After my wife’s uncle passed away last year, his widow started cleaning out the house and giving things away. This uncle was a collector of various instruments, one of those people who could play virtually anything by ear. For years I had coveted a few of his banjoleles (a type of banjo/ukulele hybrid). I had taken up the ukulele a few years ago and the thought of simply transferring what I knew on the uke to the banjolele was very exciting. So I was naturally hoping to get one of them. But instead she gave me an actual banjo. I’m ashamed to say I was disappointed with my gift. I didn’t get what I wanted. Nevermind that this was a better gift, a much more expensive instrument. It was in excellent shape. And the fact that she set it aside especially for me was a touching sentiment.

A few months went by as I felt that banjo calling to me from inside its case. This Washburn 5 string had a voice and I wasn’t going to keep it silent. So, despite my intimidation and limited knowledge of stringed instruments, I answered the call. I started out very slowly and sporadically. But just recently I really committed to it, taking at least 30 minutes each day to work with it. That first day I got so frustrated I had to set it down and walk away for several hours. I wasn’t getting anywhere. Everything about it was so foreign and awkward. The ukulele was easy to learn. You just strum it. And if you know a few chords you can play a wealth of songs. But the banjo is so much more complicated. You pick it one string at a time. Its strings are in a completely different key and order than a ukulele or guitar. Then there’s that pesky 5th string that refuses a capo. ARRRG! I was tempted to give up entirely. But I gave it one more shot. Day 2 was just as hard. But on day 3 I had a major discovery that invigorated me! Day 4 and the days since I’ve begun to slowly get better. I’ve been plucking away at it every day for a couple weeks now.

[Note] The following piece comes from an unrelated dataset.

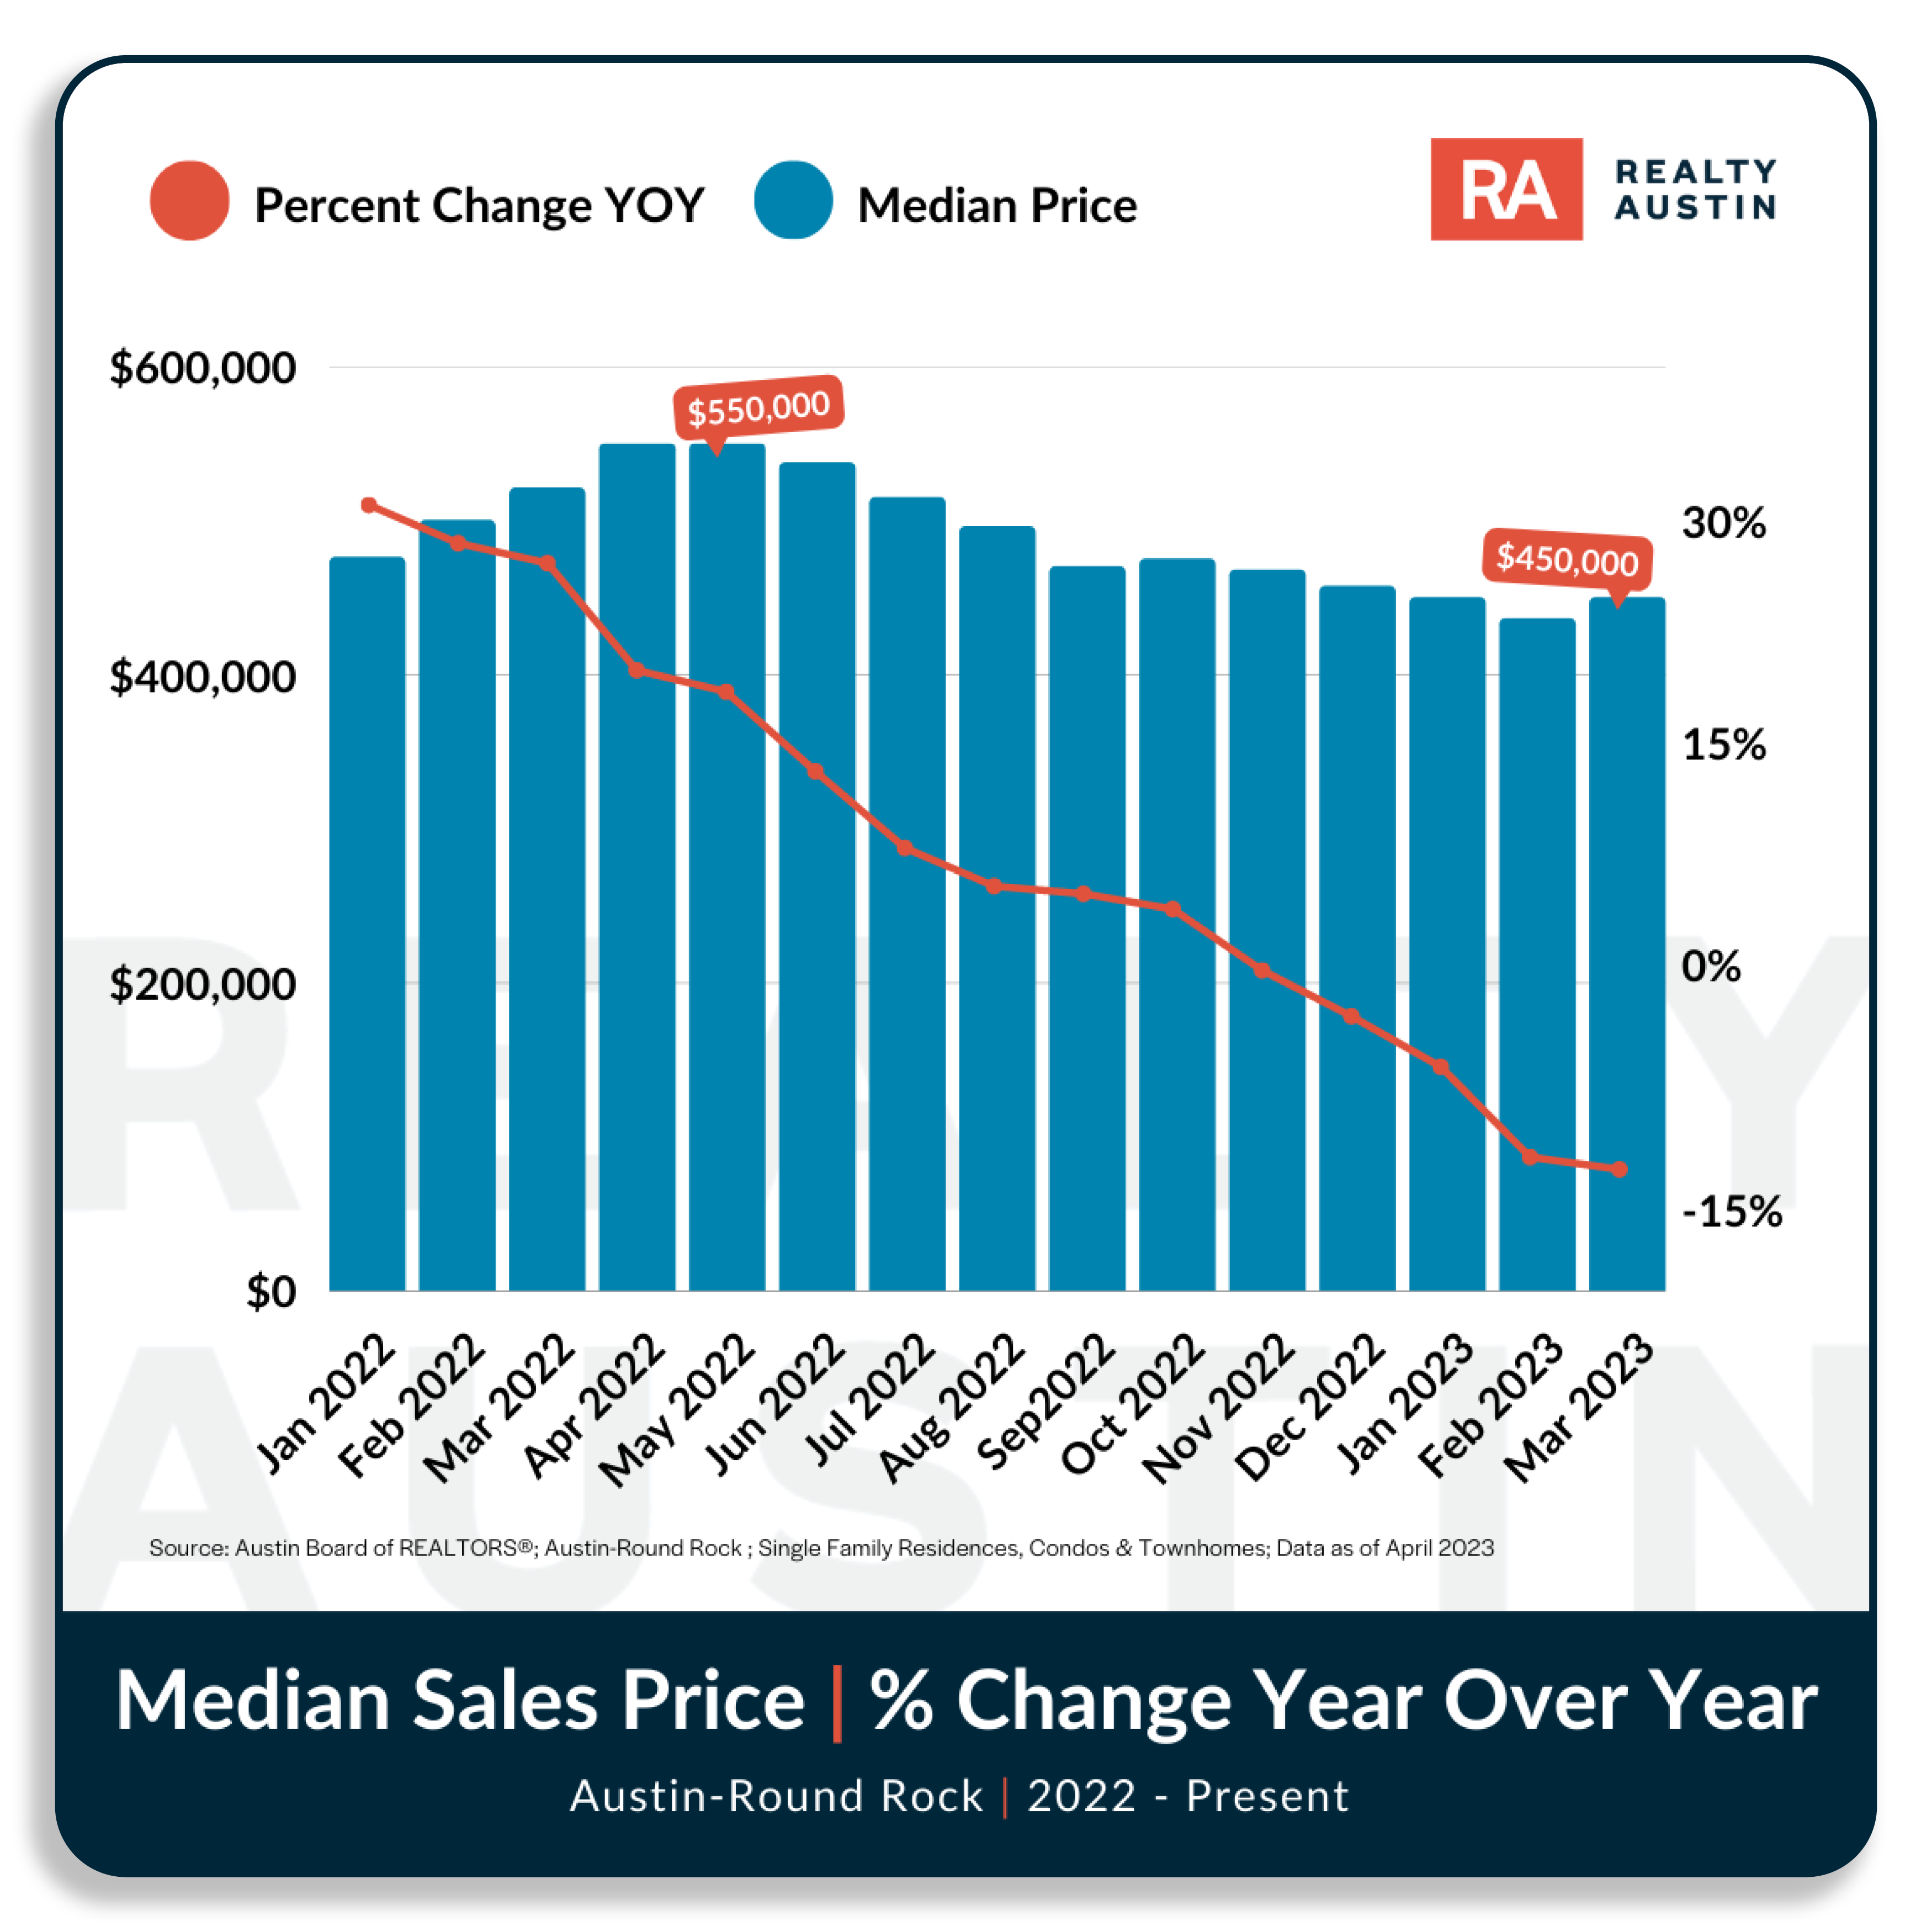 Percentage Change YOY and Median Price.

Why would I have this calling? Am I to be the next Earl Scruggs or David Crowder? Probably not. At this point, only God knows the purpose. Maybe he just needs me to have calloused fingers. All I know is it’s my calling so I’m not gonna phone it in! (pun intended)

I’m reminded of Mr. Miyagi in The Karate Kid teaching Daniel “Wax on. Wax off.” Daniel didn’t know it at the time but Mr. Miyagi was teaching him a powerful defensive move by building those muscles and muscle memory. It wasn’t until Daniel had endured days of this seemingly pointless exercise that his sensei revealed the rewards of his teachings.

So why didn’t Mr. Miyagi just tell Daniel “Hey, I’m gonna teach you these really useful karate moves by having you do some of my home improvements!” He just kept silent while Daniel worked. Theologian Helmut Thielicke calls this “the silence of higher thoughts”. It means that only God sees the big picture. We can’t comprehend it (see Isaiah 55:9). It’s when He’s mum on his complete plan and just gives us what we need to know. It’s when a parent says “because I said so” to a child questioning their authority. It’s when Mary and Martha ask Jesus why he wasn’t there before Lazarus died (John 11:1-44).

You see, at its root, any calling from God is a call just to walk with Him day by day. Each day you have to rely on Him even if that day won’t be as rewarding as you’d hope. I will continue to practice my banjo day by day knowing that I will have some good days and some days I want to chuck it out the window. But I will continue to walk with Him. And he will walk with me.

So be mindful of God’s callings. Even the difficult ones. We won’t always be given the full picture making it all the more challenging and confusing. But rest in the fact that it is God who gave the call. He’s there at the finish line cheering you on!